Like Louis CK’s project, TWiT programs are better than anything Laporte — or, in my opinion, anyone — has ever done in his field. Without corporate meddling, the shows are more authentic and directly connected to the audience. They constantly improve with a rare kind of friction-free evolution that exists when you don’t need to get permission to change.
And rolling his own has given Laporte job security. Nobody can cancel him, and he doesn’t have to quit when the suits demand creative or ethical compromises.
The experiences of Louis CK and Leo Laporte should make all of us reconsider what new digital technologies have made possible for our own careers.
Turning pro with Google+ Hangouts
But wait a minute, you might say. I’m not America’s hottest comedian, nor do I have decades of broadcasting experience. How does all this apply to me?
You might be surprised.
What’s important to know is that new opportunities arise every year. What CK and Laporte did when they started was not possible five years earlier.
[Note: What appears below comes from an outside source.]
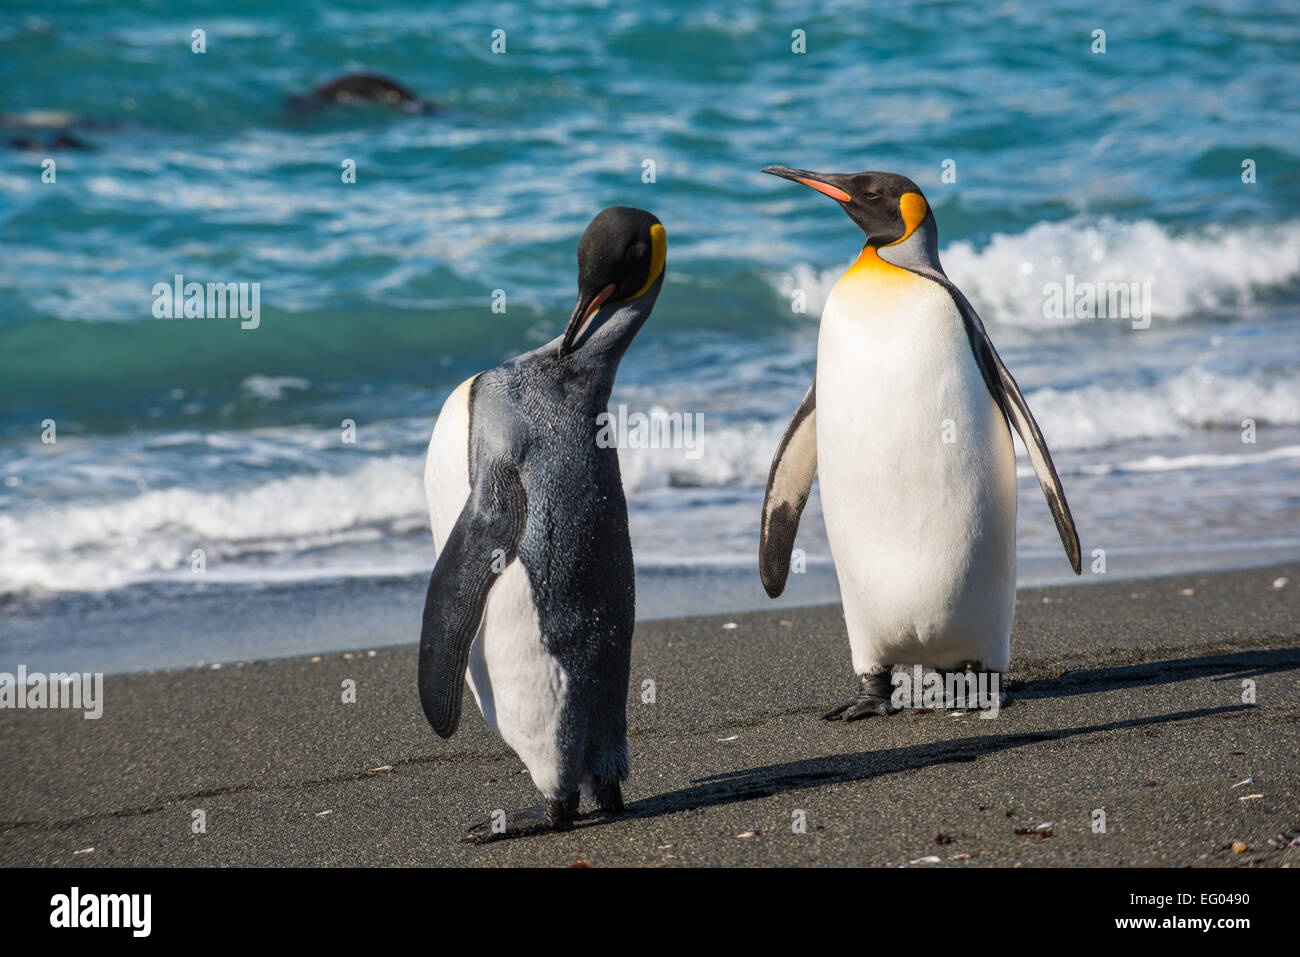 King Penguin (Aptenodytes patagonicus) removing moulting feathers at Gold Harbour, South Georgia, Antarctica Stock Photo
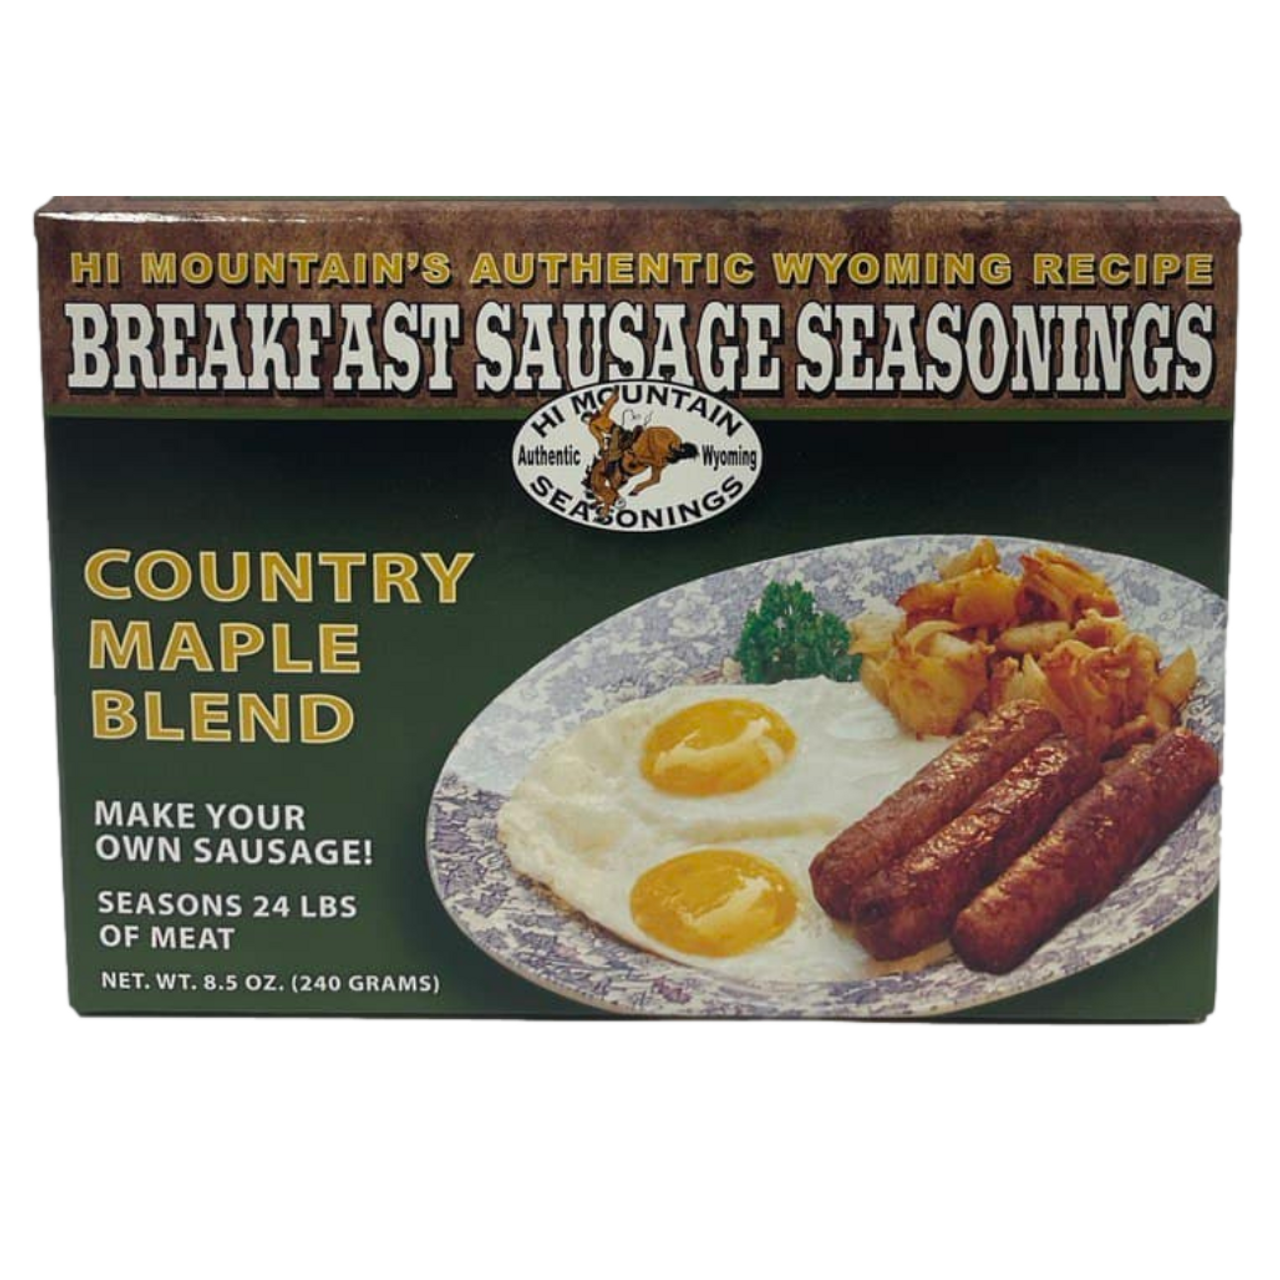 https://cdn11.bigcommerce.com/s-x8y6yj0di0/images/stencil/1280x1280/products/452/979/Hi_Mountain_Breakfast_Sausage_Seasonings_Country_Maple_Blend_front__26509.1659555426.png?c=1

And what was impossible last year may be possible now.
One brilliant example is the Hangouts feature of Google+. Hangouts, the social network’s free group videoconferencing feature, didn’t exist even six months ago, but now people are using it to remake their careers.
People with something to teach are turning Hangouts into classrooms, for example.
Music teachers like Rob Michael and Serge Chubinsky-Orlov are able to welcome students from all around the world and teach group classes (taking advantage of Hangout’s ability to handle 10 people at once).
Lee Allison launched the Google+ Cooking School.
Photographer Maximilian Majewski does a Hangouts-based show called Photohangouts.
Jens Graikowski launched Hangouts-based “Cool Languages Classes,” which are open to students from all over the world.
Performers like Daria Musk are turning Hangouts into global stages. Musk told me that Google+ Hangouts “changed my life and career overnight.”
As Google+ grows, just about anyone with something to share or teach will be able to find paying students, even if the subject is obscure.
This week, Google announced upcoming features that could make Hangouts even more career-transformational.
One Hangouts feature known as Hangouts On Air lets a select group of users live-stream Hangout sessions via YouTube.
Google said that it would expand the number of people who can use the service, and make it “self-service,” meaning any approved user can just initiate a live broadcast.
Better still, Google will record these Hangout sessions and post them on YouTube.
These features will be soon rolled out to all Google+ users.
I was on the TWiT show This Week in Google this week, and Laporte told me that if these features had existed when he founded TWiT, he might have used them for some of his programming. That’s just another way of saying that Google’s new Hangouts make following in Laporte’s footsteps a lot easier than it would have been five years ago.
The new world of career re-invention
The Google+ Hangouts feature is just one example of the new universe of technologies that cut out the middleman and let people connect directly to an audience, customers or students.
Others include Amazon’s various publishing programs for self-publishing at very low cost, or Kickstarter, which uses a pledge system for raising money to create just about anything, from mobile gadget accessories to documentaries. And there are hundreds of others.
The trick is to constantly re-examine what your skills and passions are, what markets exist for those gifts, and how new technologies that eliminate the need for controlling intermediaries can help you create a new business that puts you in the driver’s seat of your own work — and your career.